Rafik Elias (2017) hypothesized that it would. The cohort he studied were all business students, 370 undergraduates (mostly upper division) and graduate students. Their ethical perceptions of cheating were measured with an instrument used by other researchers. Included on it were 16 different cheating actions. The business students recorded their ethical perceptions of each on a 1–7 scale. Student entitlement was also measured with a previously developed eight-item instrument.

Students in the Elias (2017) study viewed in-class cheating actions “as significantly more unethical than outside actions, with an overall mean of 6.04 of 7.00.” “Obtaining papers from the web and turning them in as your work” was rated as the most unethical action (mean = 6.71, SD = .86). “Collaborating with others on assignments meant to be completed alone” was the least unethical, with a mean of 4.56 (SD = 1.60).

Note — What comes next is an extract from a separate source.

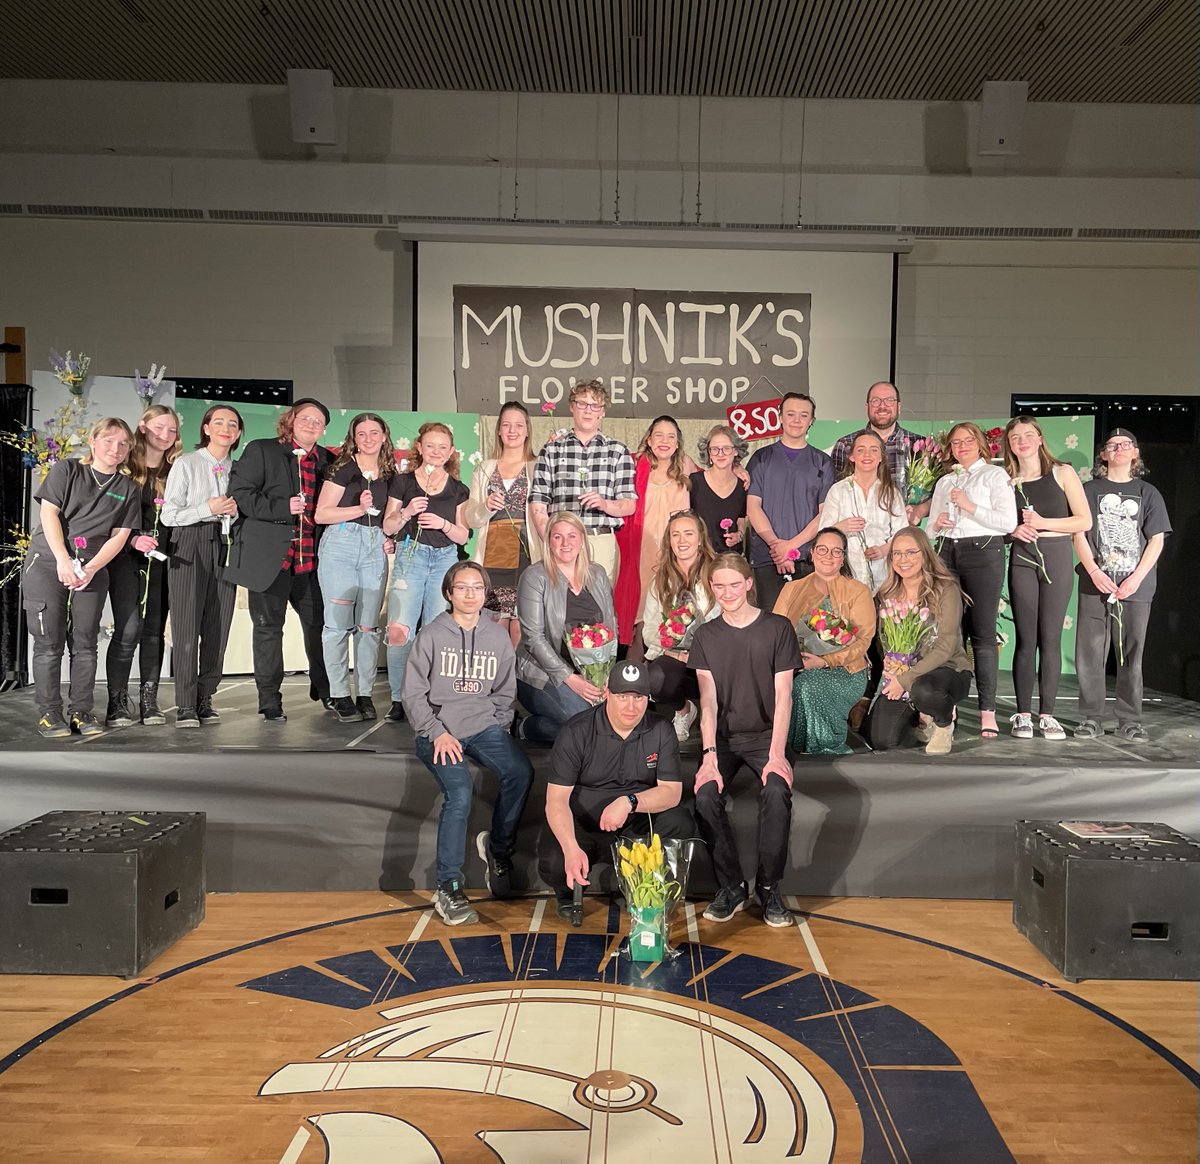 Our spring musical 'Little Shop Of Horrors' cast and crew. So much heart was put into this production, the outcome was spectacular! See more pictures of the musical and other Murdoch Moments in The Trojan Times April 7th, 2023 mailchi.mp/931a6a72e388/t… - #rvsed #crossfield

Not all students viewed these cheating actions similarly. Women and older students in general viewed both in-class and outside-class cheating more unethical than men and younger students. Students with higher GPAs also rated the actions more unethical than students with lower GPAs. As was predicted, students (more males than females) who scored higher on the self-entitlement measure were “much less likely” to see cheating actions as unethical as compared with students who scored lower on the entitlement measure.

But there was one rather surprising result: “Regarding academic entitlement, students had a low sense of academic entitlement, with a mean of 2.82 [on a 7-point scale, with 7 being the high end]” (Elias, 2017, p. 197). Another study (Luckett, Trocchia, Noel, & Marlin, 2017), highlighted in the March 2017 issue of the newsletter, also reports a low number of entitled students (6 percent of that cohort). Both of the studies were of business students, which prevents assumptions about the prevalence of self-entitled students in other disciplines, but as Elias (2017) notes, “these comforting results do not agree with anecdotal evidence and previous research showing the younger generation as significantly more entitled compared with older generations” (p. 198).

Clearly more inquiry on the extent of student entitlement is needed. Is self-entitlement more prevalent among beginning students? Is it more widespread in some fields than others? Is it less of a problem now than it was when earlier research was completed? Is it seen more at some kinds of institutions? What’s pretty clear is that automatic assumptions are not in order. It’s not safe to assume that self-entitlement (or any other features) are characteristic of all millennial students. While teachers need to be prepared to address the issues associated with students who do feel entitled, it’s probably not correct or fair to make those assumptions about the majority of students.

However, the presence of any self-entitled students is problematic, and their lax attitudes about cheating are one of many reasons why.

References:

Elias, R. Z. (2017). Academic entitlement and its relationship with perception of cheating ethics. Journal of Education for Business, 92(4), 194–199.

Luckett, M., Trocchia, P. J., Noel, M. N., & Marlin, D. (2017). A typology of students based on academic entitlement. Journal of Education for Business, 92(2), 96–102.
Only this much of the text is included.